Traceback (most recent call last):
File "F:\test\example.py", line 60, in
main()
File "F:\test\example.py", line 33, in main
path1 = path1[0]["path"]
File "C:\Python39\lib\site-packages\neo4j\data.py", line 97, in __ getitem__
index = self.index(key)
File "C:\Python39\lib\site-packages\neo4j\data.py", line 141, in index
raise KeyError(key)
KeyError: 'path'

My guess is that in the case of slice, the subset of the path is not returned as a path but something else...and in the case of more than one paths being returned by the query,
path1 = path1[0]["path"] can't handle more than one path.

What would you suggest for this please?

sanna_aizad · ‎03-18-2022

Also, if the path return only one node, I get an index out of range error

Traceback (most recent call last):
File "F:\test\exampe.py", line 72, in
main()
File "F:\test\exampe.py", line 58, in main
path2 = path2[0]["path"]
IndexError: list index out of range

rouven_bauer · ‎03-18-2022

I think there is a fundamental misconception and I'm guilty of choosing misleading variable names, sorry.

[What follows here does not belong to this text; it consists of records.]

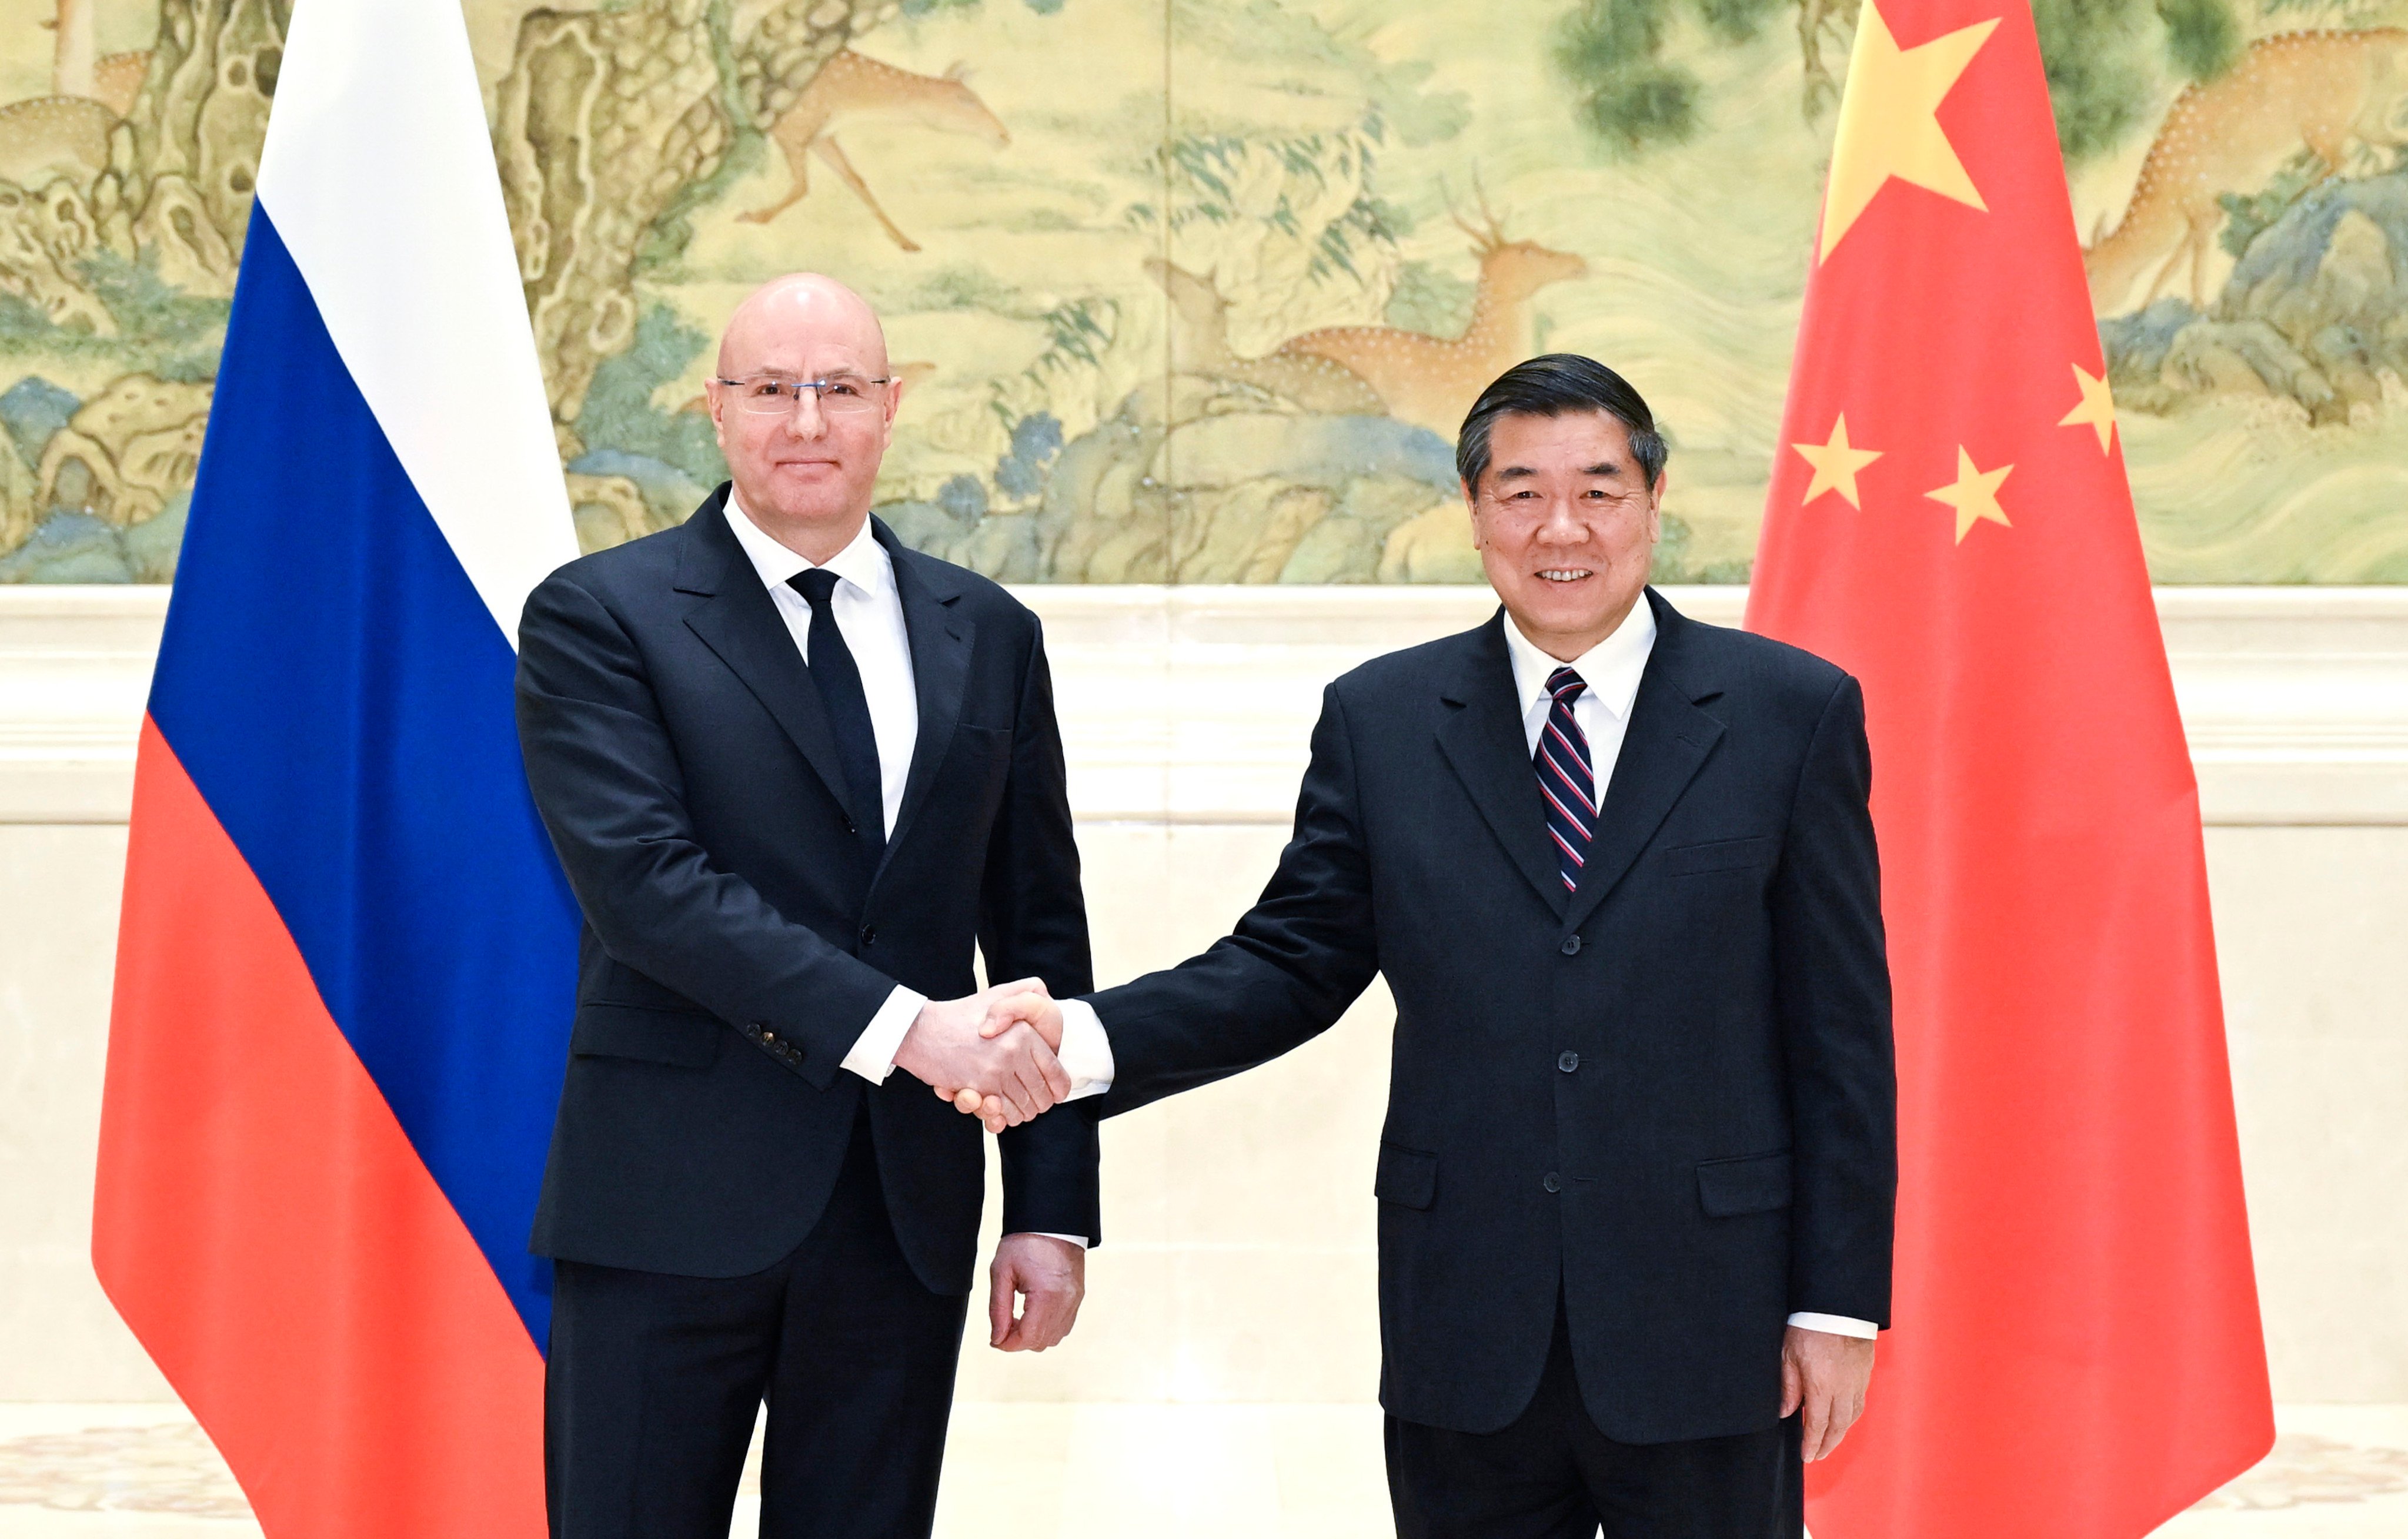 Chinese Vice-Premier He Lifeng appears with Russian Deputy Prime Minister Dmitry Chernyshenko in Beijing on Monday. Photo: Xinhua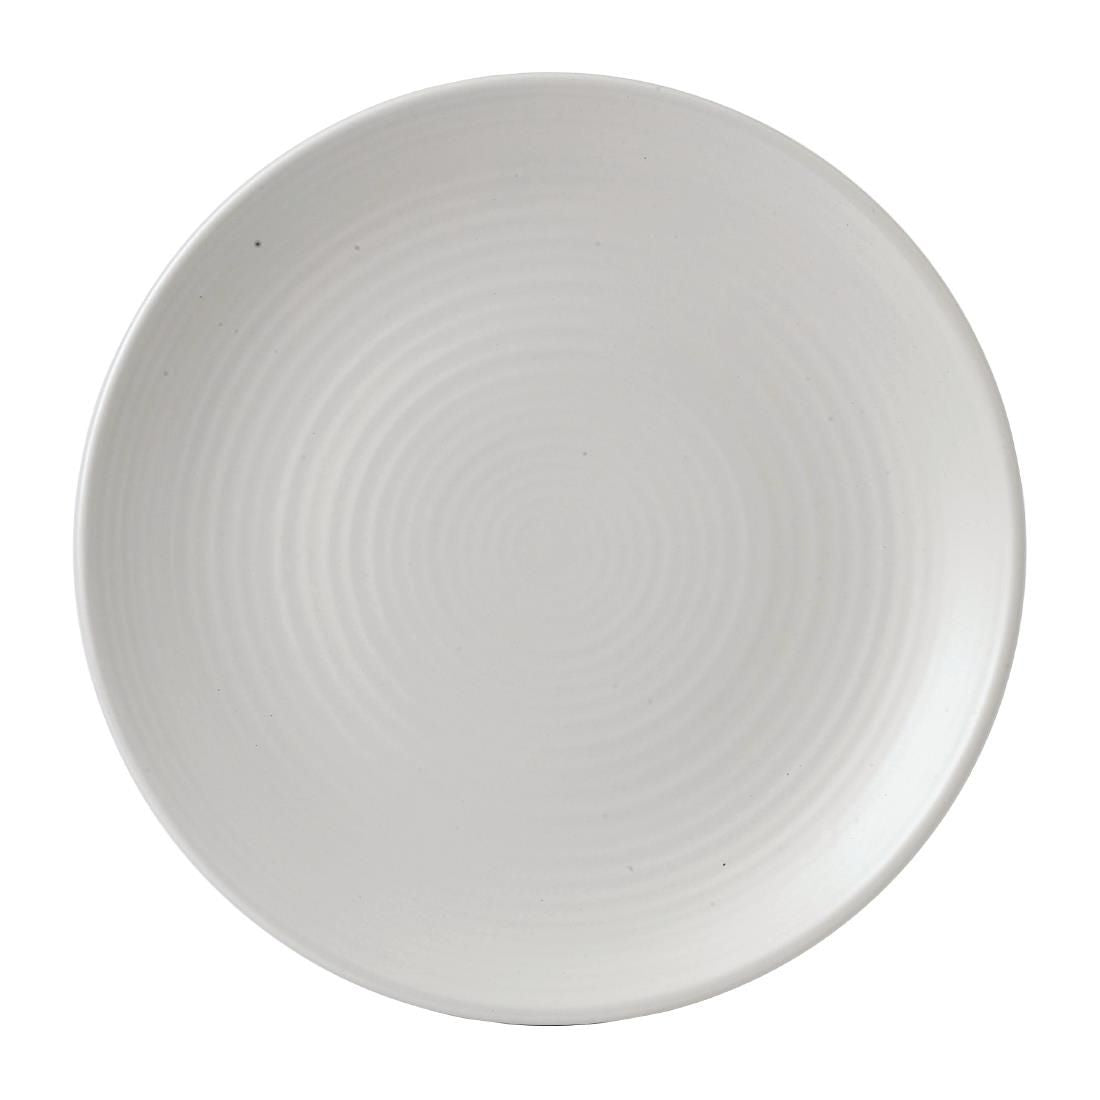 FE339 Dudson Evo Pearl Coupe Plate 273mm (Pack of 6) JD Catering Equipment Solutions Ltd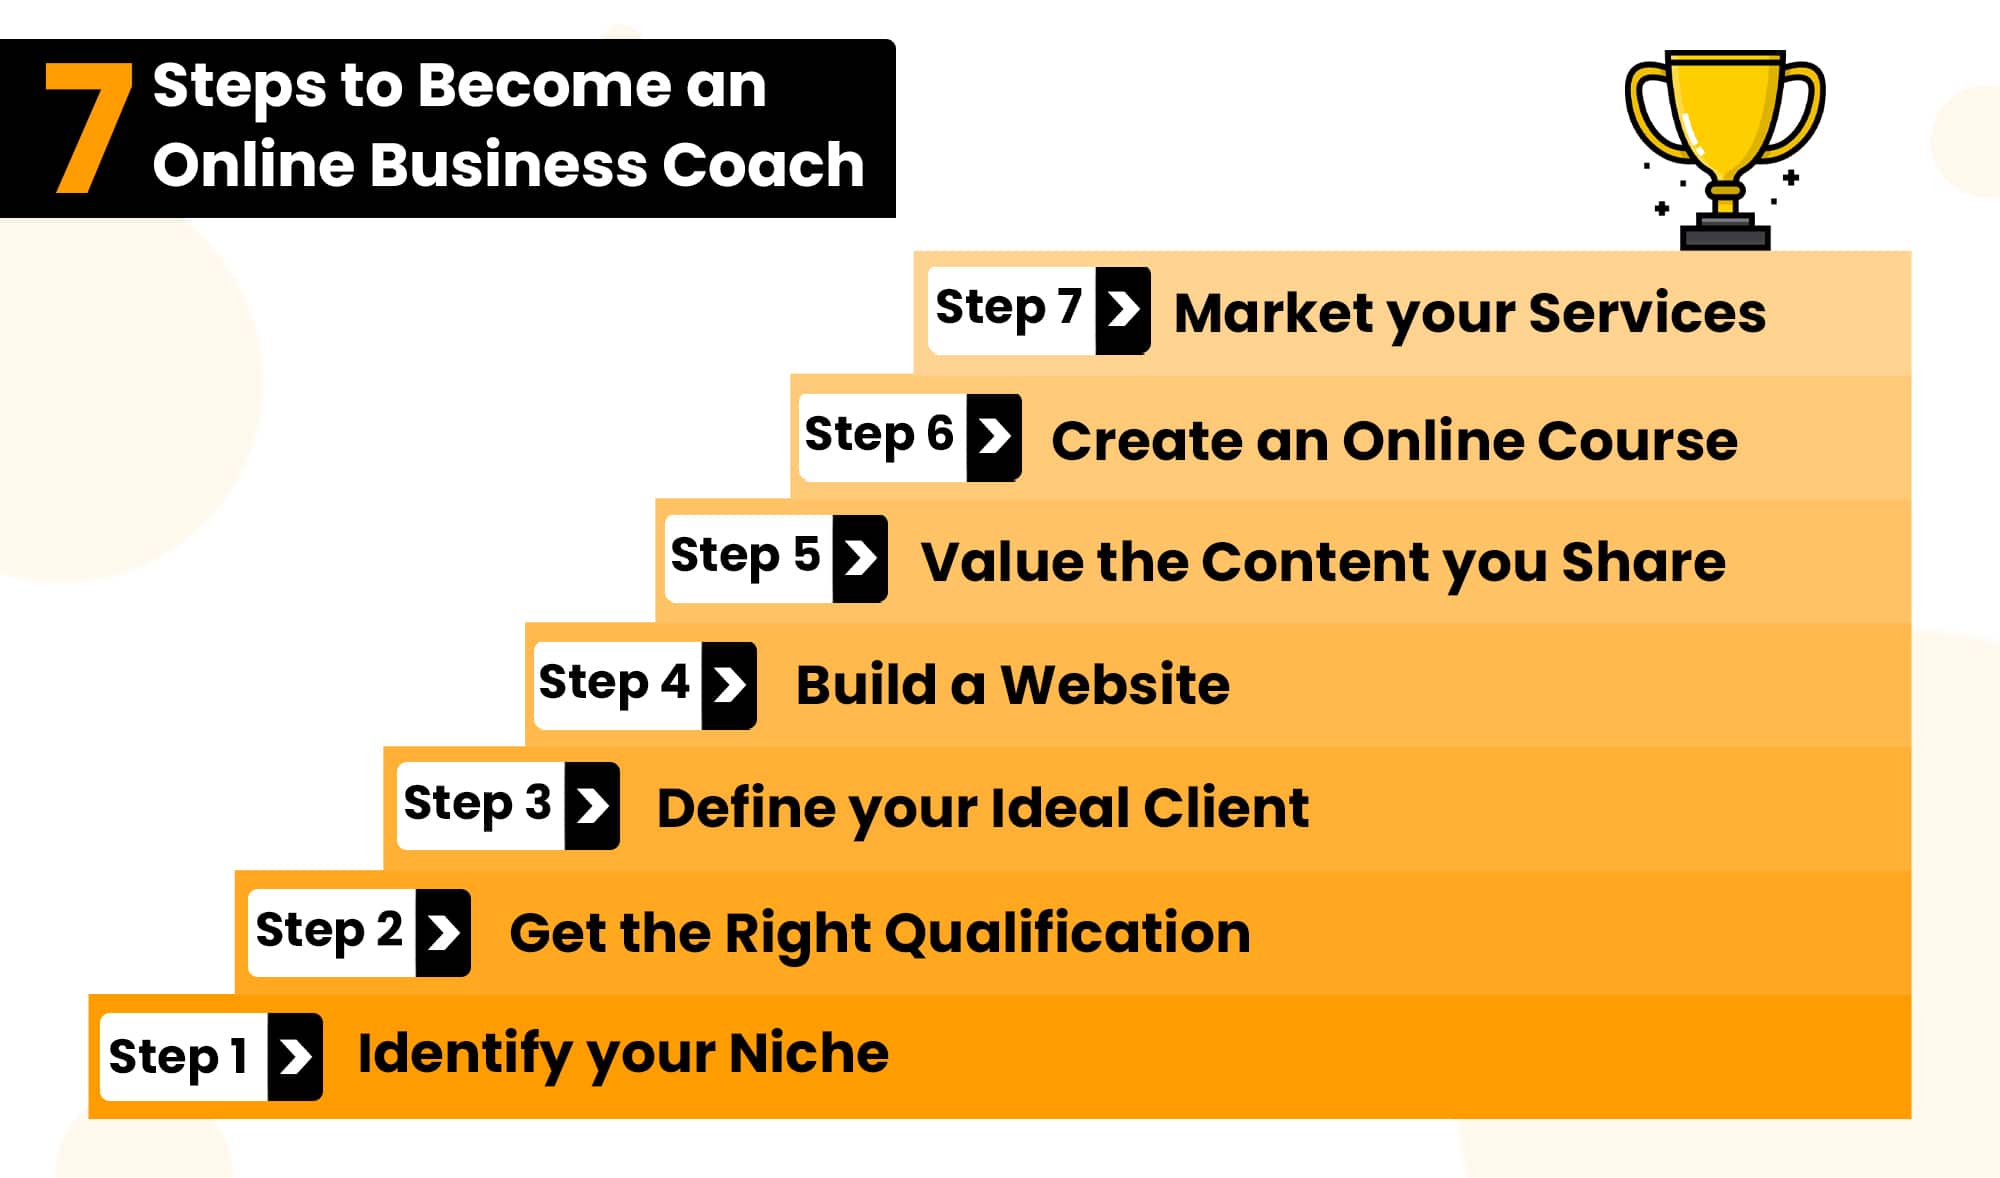 7 Steps to Become an Online Business Coach

Let me try to clarify. But before I start, I highly recommend running this script with a debugger and exploring the API that way, or alternatively, running it in an interactive environment, e.g., a Python shell or a Jupyter notebook. This way, you can see what keys and things exist inside path1 and path2 when running different queries.

Anyway here goes:

tx.run(query_, params) returns a Result object (see docs).
I then call list(result) which will turn this result into a list of Record objects (see docs).
The exact keys the Record contains, depends on the query. So when you alter the query, you potentially alter what keys there are. If you don't want to rely on the names of the keys, you can also index the records with integers. So instead of path1[0]["path"], you could do path1[0][0].

Regarding your last message Loops nodes on a path using python - #4 by sanna.aizad This error does not stem from the line you quoted me on, but from this line path2 = path2[0]["path"], which fails for the reason explained above.